Unlike the pixel basis, the PCA basis allows us to recover the salient features of the input image with just a mean, plus eight components! The amount of each pixel in each component is the corollary of the orientation of the vector in our two-dimensional example. This is the sense in which PCA provides a low-dimensional representation of the data: it discovers a set of basis functions that are more efficient than the native pixel basis of the input data.

## Choosing the Number of Components
A vital part of using PCA in practice is the ability to estimate how many components are needed to describe the data. This can be determined by looking at the cumulative explained variance ratio as a function of the number of components (see the following figure):

In [None]:
pca = PCA().fit(digits.data)
plt.plot(np.cumsum(pca.explained_variance_ratio_))
plt.xlabel('number of components')
plt.ylabel('cumulative explained variance');

This curve quantifies how much of the total, 64-dimensional variance is contained within the first  𝑁  components.

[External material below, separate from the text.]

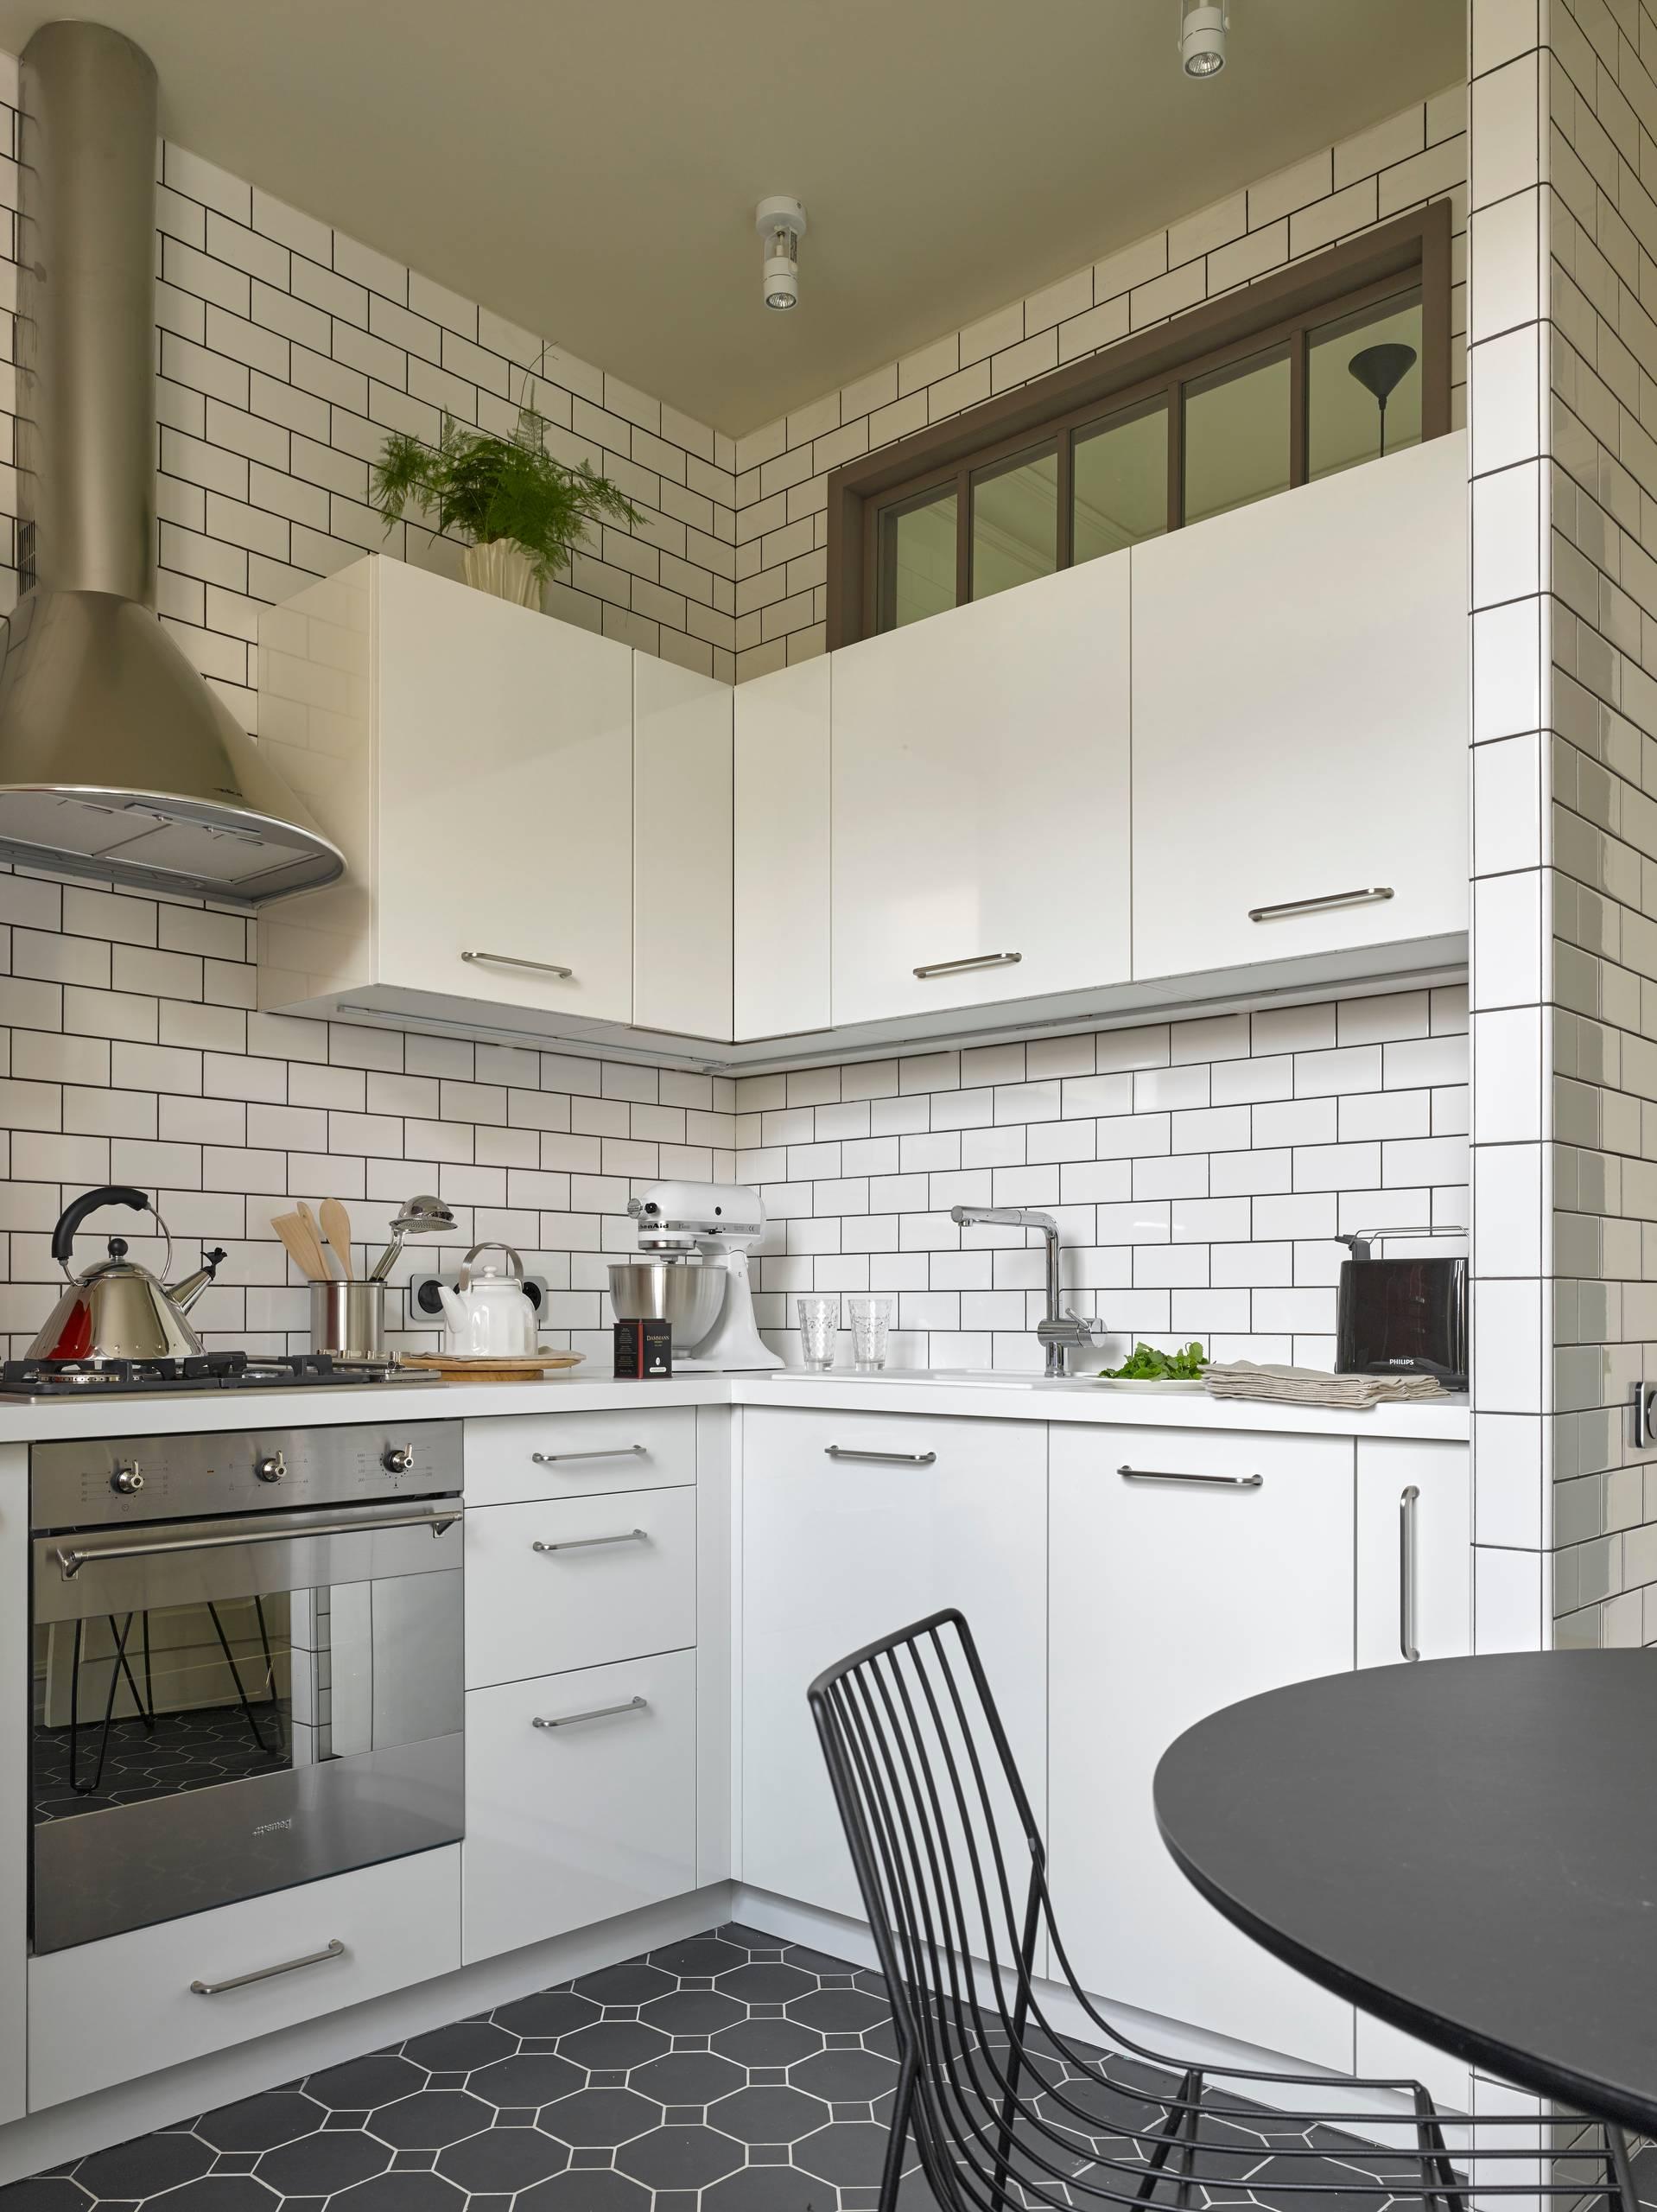 Ремонт кухни 6 кв метров своими руками — фото примеров

For example, we see that with the digits data the first 10 components contain approximately 75% of the variance, while you need around 50 components to describe close to 100% of the variance.

This tells us that our 2-dimensional projection loses a lot of information (as measured by the explained variance) and that we'd need about 20 components to retain 90% of the variance. Looking at this plot for a high-dimensional dataset can help you understand the level of redundancy present in its features.